C'est en 1818 que je perdis ma fille; en 1820 je perdis mon frère. Tant de chagrins qui se succédaient me livrèrent à une si grande tristesse que mes amis, affligés de mes peines, me conseillèrent d'essayer de la distraction et de faire un voyage. Je me déterminai à partir pour Bordeaux. Je ne connaissais point cette ville, et la route qu'il fallait suivre pour m'y rendre devait occuper agréablement mes yeux.

Comme je pris le chemin d'Orléans, j'allai visiter Méréville qui appartient à M. de Laborde. Le père de celui-ci, dont la fortune était immense, a dépensé des millions pour embellir ce séjour vraiment enchanteur. Nulle part on ne peut voir des sites plus variés, de plus beaux arbres, une végétation plus abondante, et nulle part l'art n'est venu ajouter aux beautés de la nature avec un goût mieux entendu. Les fabriques multipliées sont semées sur le terrain sans aucune confusion. Les rochers, qui sont immenses et qui ont dû coûter des trésors, les cascades, les temples, les pavillons, tout est à sa place et concourt au charme du coup d'oeil. Sur un des points les plus élevés du parc est une colonne dont la hauteur égale celle de la place Vendôme. Du sommet de cette colonne la vue s'étend sur l'ensemble du parc et sur une campagne magnifique dont l'horizon est à vingt lieues de vous. Un des temples, appelé le temple de la Sibylle, est la copie exacte de celui de Tivoli, mais restauré dans son entier avec un soin et un goût parfaits. D'un autre côté, appuyé à l'un des bras de la rivière, est un moulin et plusieurs petites habitations qui rappellent les jolies maisons suisses. Près du château on voit un pont élevé sur des rochers, que le temps et la nature ont pris soin d'embellir en le couronnant de lianes qui tombent en guirlandes dans l'eau bouillonnante. Enfin il serait trop long d'énumérer tout ce qui fait du parc de Méréville un lieu de délices, qui surpasse selon moi tout ce qu'on peut voir en Angleterre dans ce genre. Ce parc a été composé en grande partie par Robert, le peintre en paysage; aussi pourrait-il fournir les modèles des plus délicieux tableaux.
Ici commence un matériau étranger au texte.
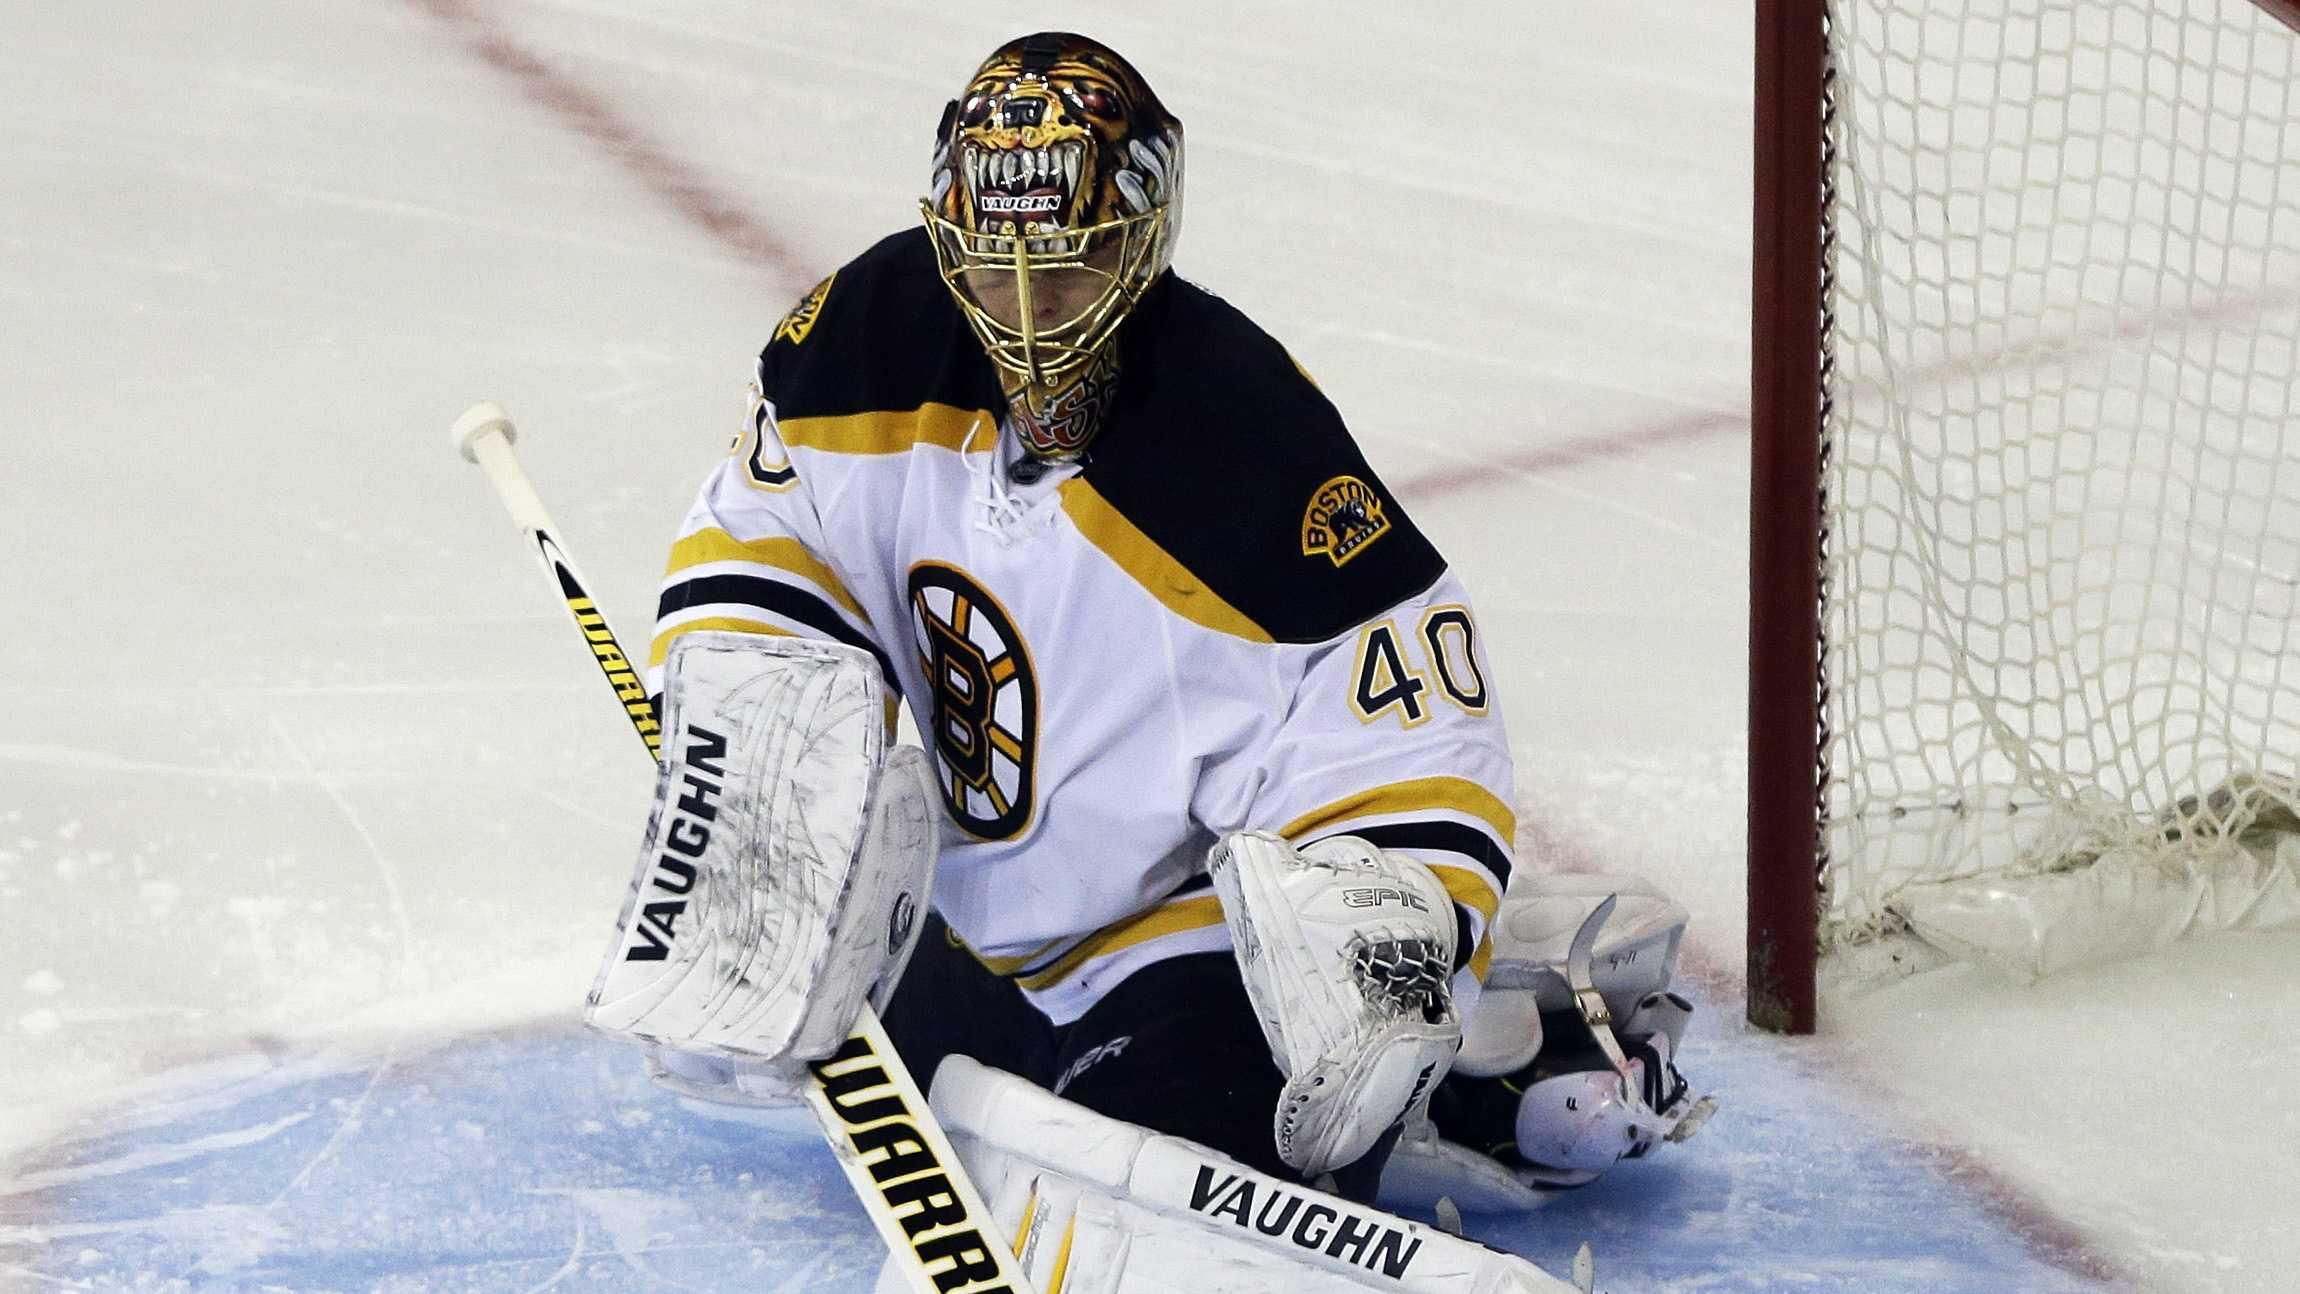 Boston Bruins goalie Tuukka Rask stops a shot on the goal against the New York Rangers

Le château, flanqué de quatre tourelles gothiques, qui lui donnent l'aspect d'un manoir seigneurial, est meublé avec une riche élégance. La salle à manger et le billard sont surtout admirablement décorés, et le superbe plain-pied de ce rez-de-chaussée où les marbres, les bronzes, les bois précieux, les statues, les tableaux, sont prodigués, fait de cette demeure une habitation royale.
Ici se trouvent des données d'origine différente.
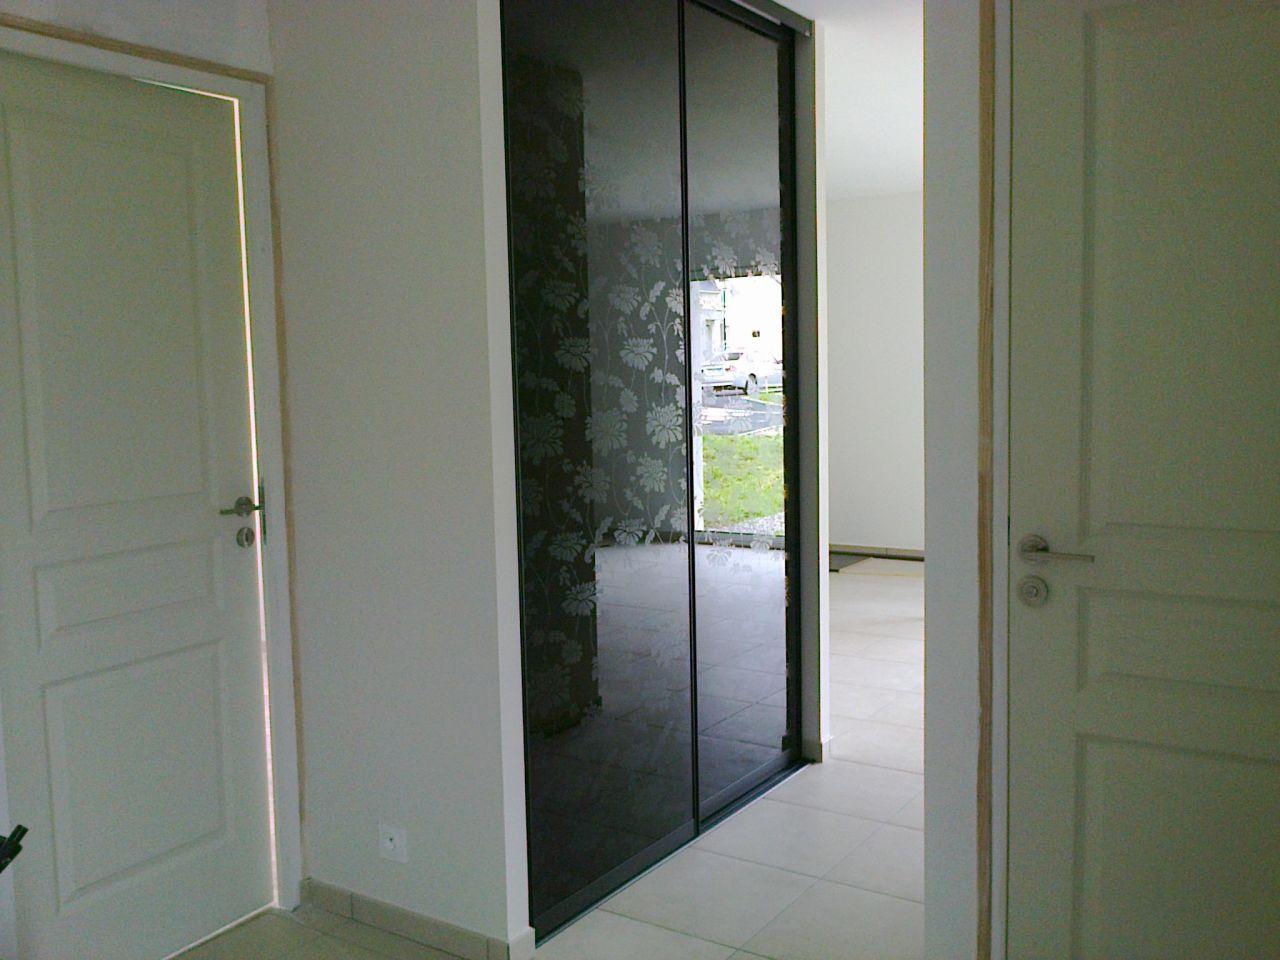 photo le placard d 39 entr e d coration entr e ille et vilaine 35. Black Bedroom Furniture Sets. Home Design Ideas

J'arrivai à Orléans, où j'allai voir tout ce que cette ville offre de curieux; la cathédrale, entre autres choses, qui se détachait en vigueur noirâtre sur le ciel le plus pur; car depuis mon départ j'avais toujours eu le plus beau temps du monde; aussi, chemin faisant, je courais aux ruines de ces anciens châteaux dont il ne reste que quelques tours et des vieux murs ornés de lierre. Pour un peintre, la route que je suivais est très intéressante; on y trouve à chaque pas de noble débris, qui font naître parfois de tristes réflexions, quand on reconnaît que les guerres et les révolutions détruisent plus en un siècle que le temps ne pourrait le faire en des milliers d'années.